United States of PAIN? 259 million painkiller prescriptions written every year in the USA
July 6, 2014 in News by The Manimal
Source: Natural News
A recent report from the Centers for Disease Control and Prevention (CDC) reveals that the overprescription of narcotic painkillers is still a major problem in the United States.
The report, published on July 1, is based on data collected by retail pharmacies, which fill the majority of US prescriptions. It found that 259 million prescriptions for narcotic painkillers were written in 2012, roughly one for every adult living in the United States.
Forty-six deaths a day
Narcotic painkillers, which are opioid-based painkillers such as morphine, oxycodone and hydrocodone, are intended primarily for the short-term treatment of moderate to severe pain following surgery or serious injury. The drugs are highly addictive and pose a significant risk of fatal overdose.
According to the CDC, 41 percent of the 41,000 drug overdose deaths recorded in 2011 involved prescription painkillers. Approximately 46 people die from prescription painkiller overdoses in the United States every day.
“Overdoses from opioid narcotics are a serious problem across the country and we know opioid overdoses tend to be highest where opioids get the highest use,” CDC director Tom Frieden said. “[Narcotics] can be an important tool for doctors to use… but they are not the answer every time someone has pain.”
Prescription rates of opioid painkillers vary widely from state to state, the report found, from a low of 52 prescriptions per 100 residents in Hawaii to a high of 143 prescriptions per 100 residents in Alabama. The state with the second highest prescription rate was Tennessee, followed in descending order by West Virginia, Kentucky, Oklahoma, Mississippi and Louisiana. In addition to Hawaii, states with lower than average rates included California and New York.
The findings are consistent with prior studies, which found that doctors in the South tend to prescribe all drugs at higher than average rates, including antibiotics and stimulants for children.
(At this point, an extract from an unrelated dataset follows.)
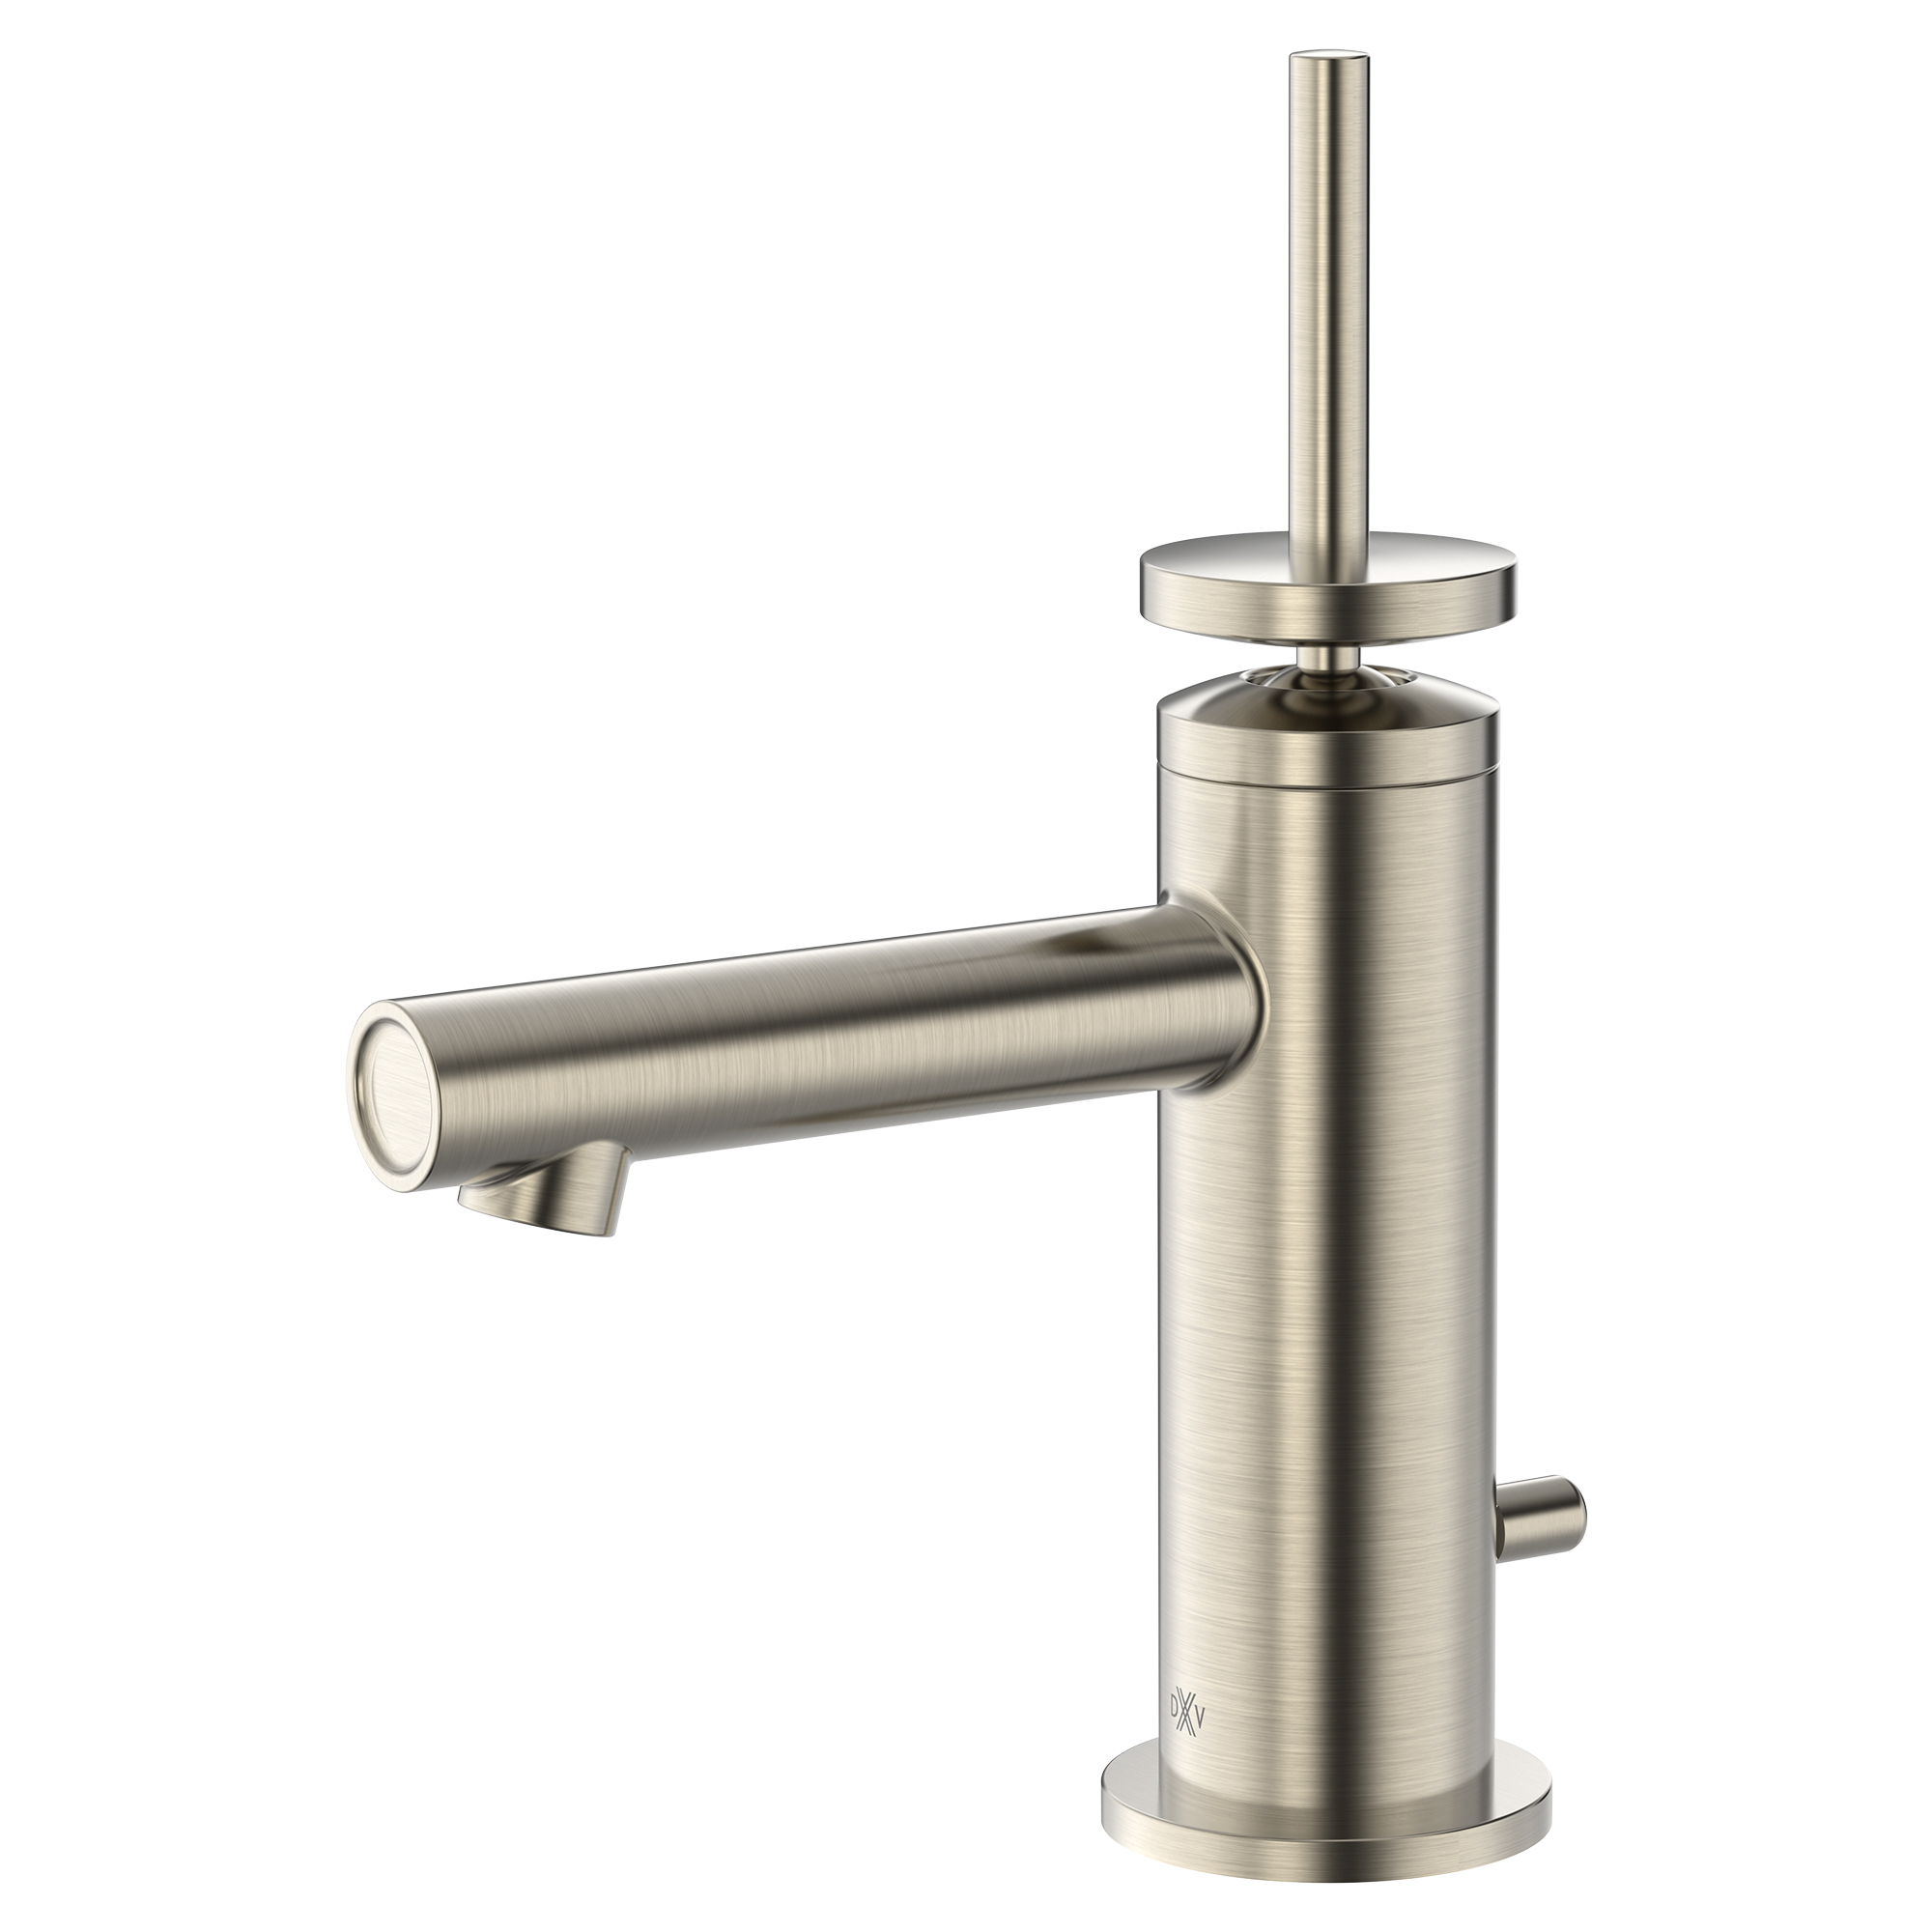 Percy Single Handle Bathroom Faucet with Indicator Markings and Stem Handle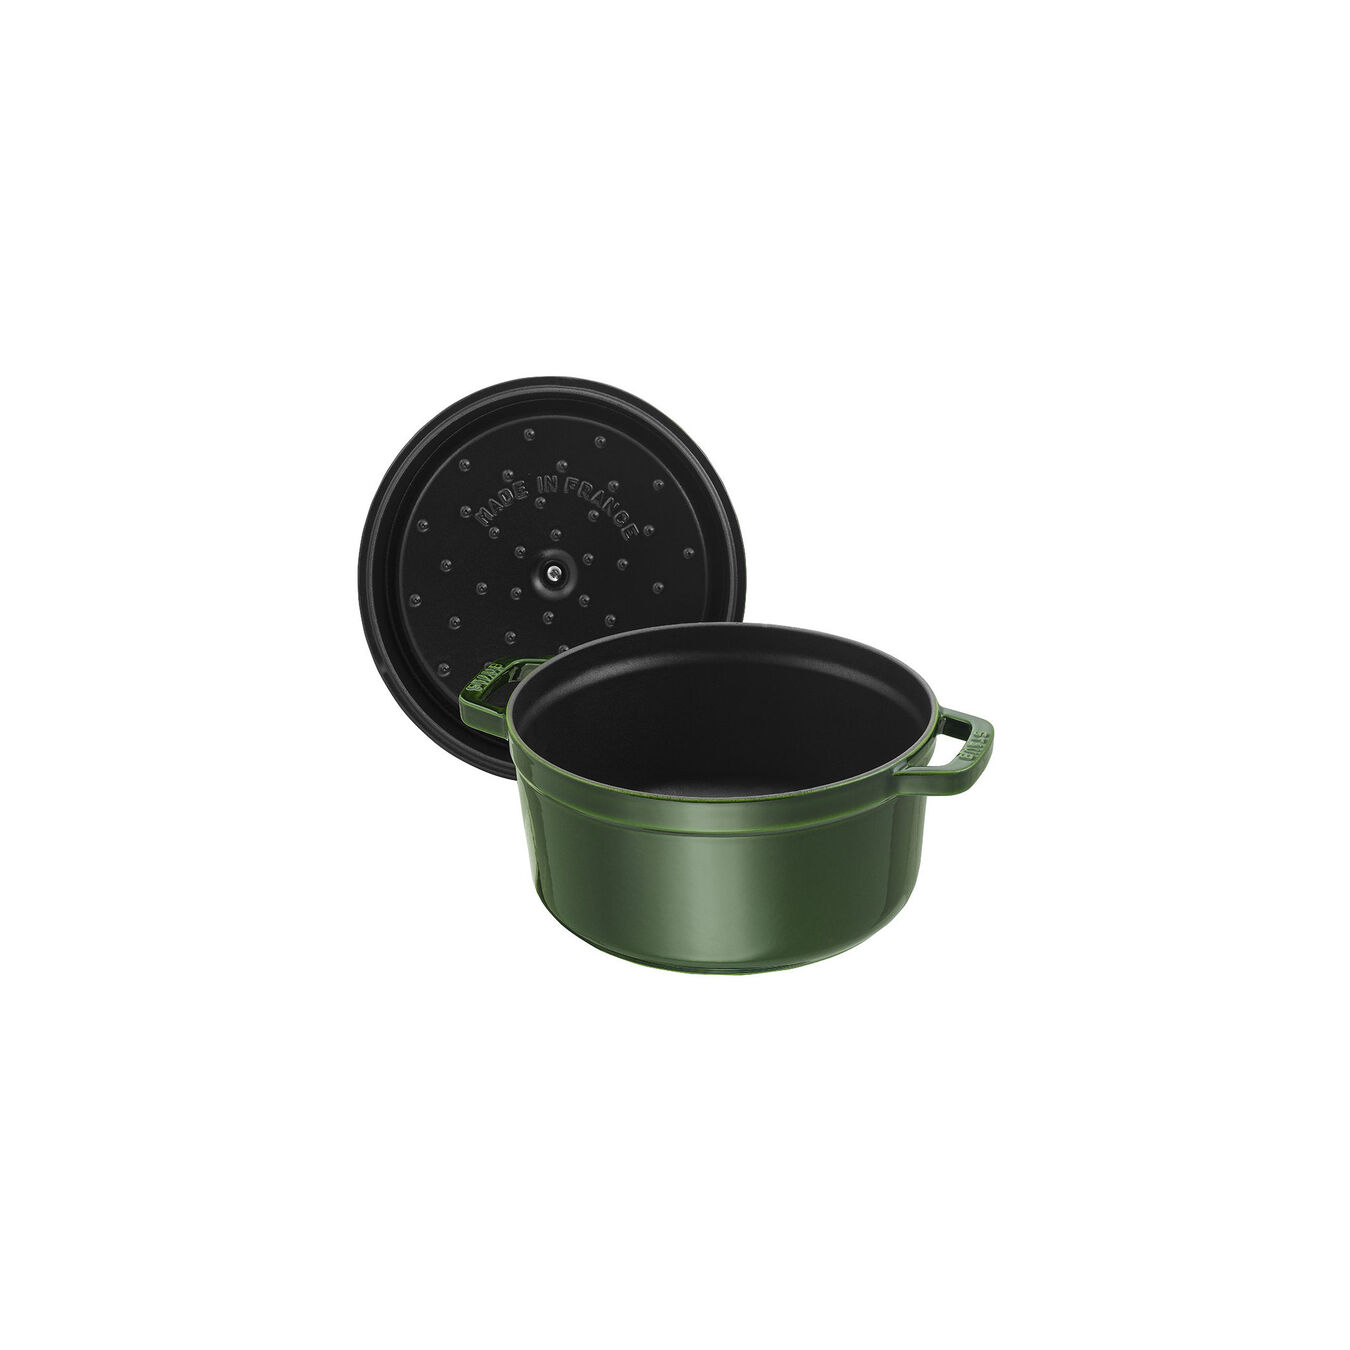 2.5 l cast iron round Cocotte, basil-green - Visual Imperfections,,large 4

Research has shown that this differential prescription rate cannot be solely explained by higher disease rates.
Policy changes get results
The CDC report encourages states to revise their policies in order to bring down narcotic prescription rates. In an accompanying report, the state of Florida notes its own success in achieving those goals.
In 2010, the CDC ranked Florida as perhaps the top state for prescription drug abuse in the nation. An explosion of “pill mill” clinics between 2003 and 2009 led to Florida having 98 out of the 100 top oxycodone-prescribing doctors and a surge in painkiller-related deaths.
Florida implemented a number of reforms, including new regulations on pain clinics (which led to the shutdown of 250 pill mills) and a new system for monitoring prescription drugs. Between 2010 and 2012, deaths from opioid overdoses dropped 27 percent, while oxycodone-related deaths dropped an astonishing 52.1 percent. Due to the prescription-monitoring system, death rates from other prescription drugs (such as the anxiety drug alprazolam) also fell. Early data suggest that death rates may have continued to fall in 2013.
“These changes may well represent the first well-documented, substantial decline in drug overdose mortality in any state in the past 10 years,” said CDC Director Tom Frieden. “There was a real decline in not just prescription opioid deaths, but all drug overdose deaths, including illicit drugs.”
The report authors noted that not all of the decreased mortality was necessarily due to Florida-specific reforms. For example, the same time period saw the introduction of a new oxycodone formula designed to be more abuse-resistant. Nevertheless, Florida’s decrease in drug-related deaths was much greater than that seen in other states.
“The take-home message is that the problem needs to be attacked from several different angles,” said report co-author Hal Johnson, a consultant for the Florida Department of Health.